# 2 questions re: timid shelter dog



## Krista (Mar 6, 2011)

Our 10 month old rescue is absolutely wonderful with people - friendly, submissive, and happy. She seems to be terrified of new dogs. We've only had her for two days, so I don't know if this is residual from her time in the shelter or if she was attacked at some point, but she hides behind her handler (me or my husband), tries to get away, and won't even approach the other dog. How can we encourage her to at least give new dogs a sniff? She did have a friend in the shelter that she shared a kennel with and played with, so I know she CAN make friends, but she's resistant.

The other issue is the crate. So far we haven't had to use it, but at the shelter we were told she was returned by her previous adopters because she cried in the crate and chewed some things (she was only 6-7 months old, then, so prime chewing age) and they lived in an apartment. She hasn't shown any tendency to chew anything but her toys in the 2 days we've had her, but I am fairly confident she is going to display separation anxiety if we try to leave her alone. We bought a crate the first day and just setting it up in the living room upset her so much that I haven't made a move to put her in it - just left it there so she can get used to its presence. She sleeps in a bed on our bedroom floor and has been perfect both nights, all night. She isn't at all motivated by food - the food in her bowl goes untouched for hours on end, and 12 hours later she still hasn't finished it all, and the same with treats; she'll bring them to her bed and leave them there for hours until she feels like eating them. so, feeding her in her crate is not going to be an option for getting her used to it.

There is generally someone home all day because my husband and I work different shifts. However, we want to go out for a couple of hours this week and I don't know whether I should leave her with the run of the house and risk her destroying things (purely speculation because she might be fine) or put her in the crate and definitely upset her/possibly set back crate training considerably.

All thoughts appreciated!
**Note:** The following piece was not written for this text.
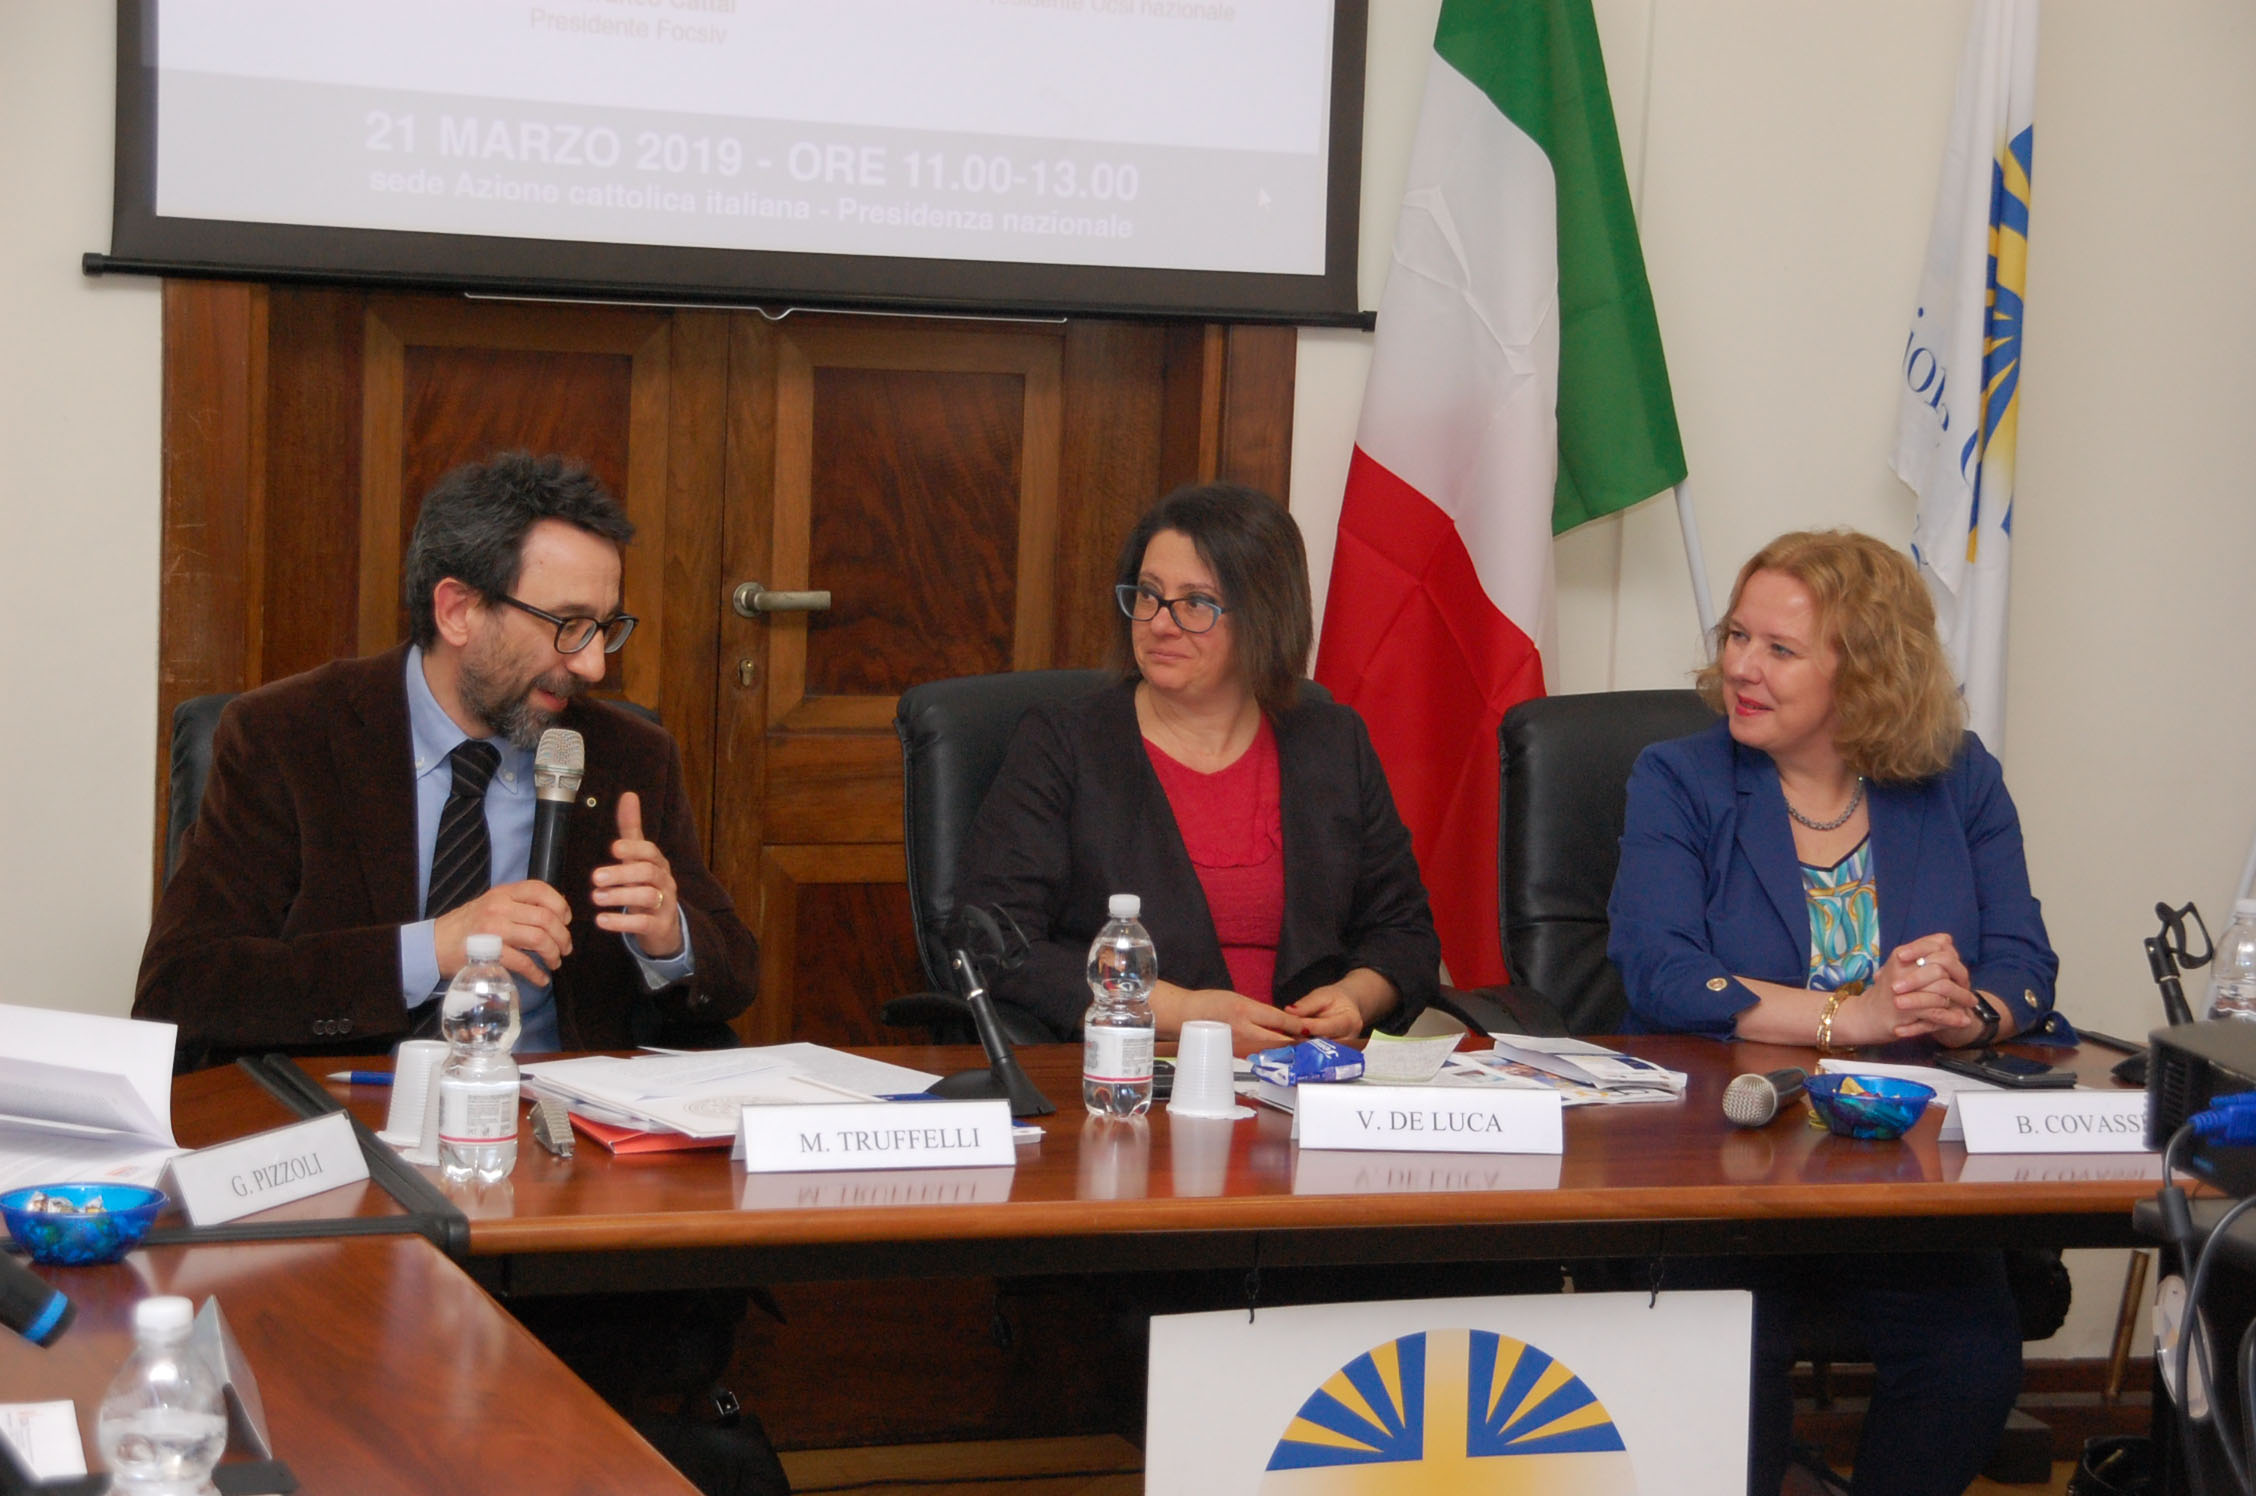 Matteo Truffelli, Vania De Luca, Beatrice Covassi

I'm also a little concerned leaving her alone in the house because although she hasn't used the bathroom inside yet, she doesn't ask to go out to do it and has incredible bladder control - I took her out 3 times this morning and she didn't go at all; that makes it 12 hours since she'd gone. Before that, she'd held it since yesterday morning, about 17 hours earlier! If I could take her out and know she'd go before I left the house, I'd feel a lot more comfortable about leaving her.


----------



## spotted nikes (Feb 7, 2008)

Look up "Crate games". It'll tech her to like being crated.

Do you have a friend with a well socialized, calm dog that you could walk with, then go back to your house, and let them loose together inside? Walking together will help them get comfortable with each other. Stopping and meeting a dog head on can sometimes stress a dog out, as, meeting head on/being looked in the eye, can be perceived as aggressive/rude.

Maybe consider enrolling in a basic training (positive reinforcement) class in a month or so, to give her time to adjust.

Baby/toddler gates work well for containing dogs, without making them feel trapped. Maybe block off a kitchen/laundry rm and leave a light and radio/tv on, if you go out. Walk her before going, to tire her out.


----------